> Exercise requirements
Below are the records. Retype exactly the lines between the lines holding "Bible Semeur 2015, couverture" and "Sommer Hündin Party", inclusive.

───── Supplied information

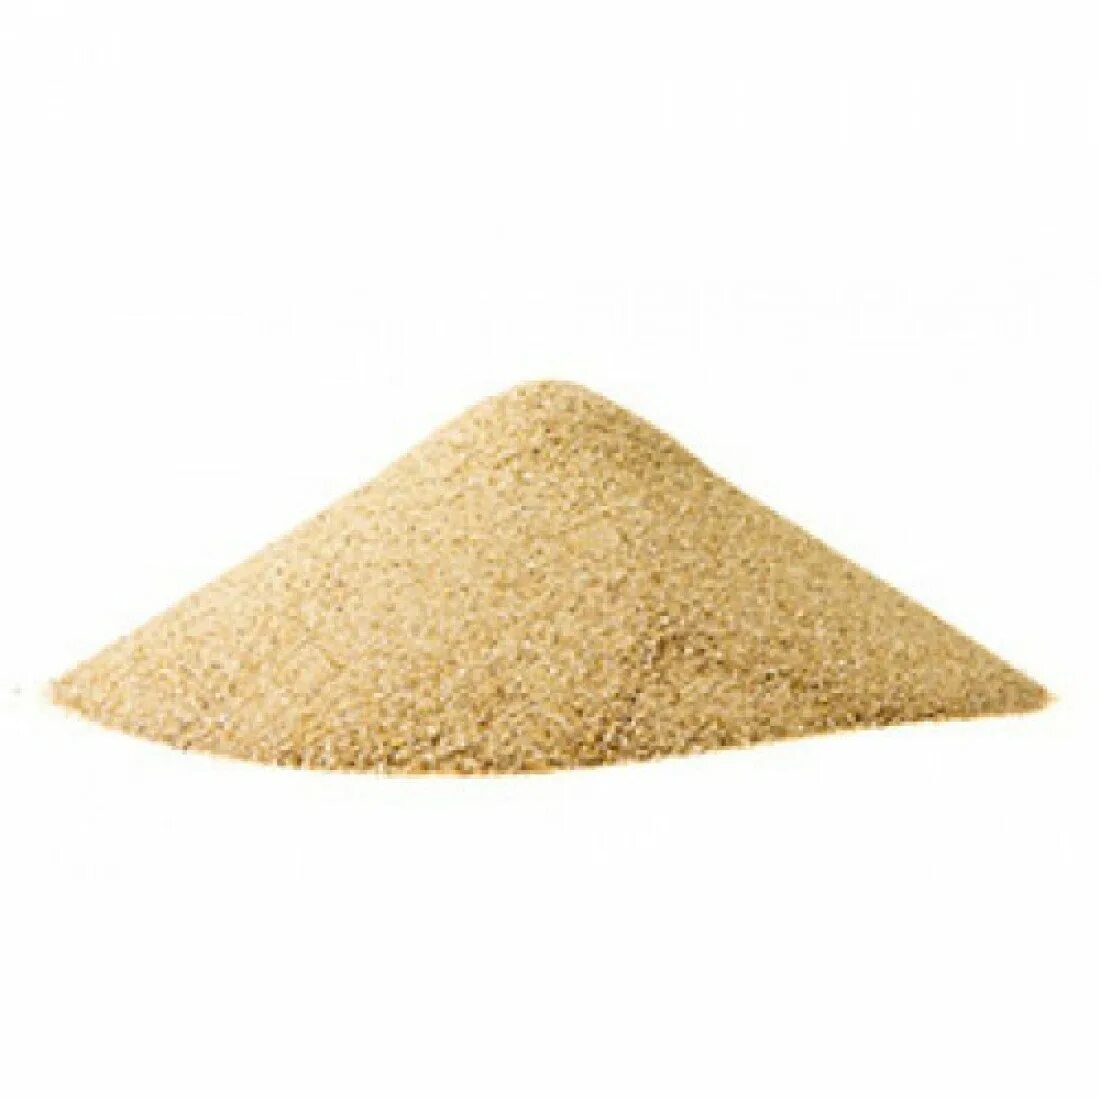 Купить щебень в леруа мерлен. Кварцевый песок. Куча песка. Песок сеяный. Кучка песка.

──────────
───── Supplied information

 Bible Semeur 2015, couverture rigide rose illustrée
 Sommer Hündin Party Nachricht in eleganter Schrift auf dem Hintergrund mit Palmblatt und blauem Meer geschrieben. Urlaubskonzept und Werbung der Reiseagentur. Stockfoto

──────────

> Result of the exercise
 Bible Semeur 2015, couverture rigide rose illustrée
 Sommer Hündin Party Nachricht in eleganter Schrift auf dem Hintergrund mit Palmblatt und blauem Meer geschrieben. Urlaubskonzept und Werbung der Reiseagentur. Stockfoto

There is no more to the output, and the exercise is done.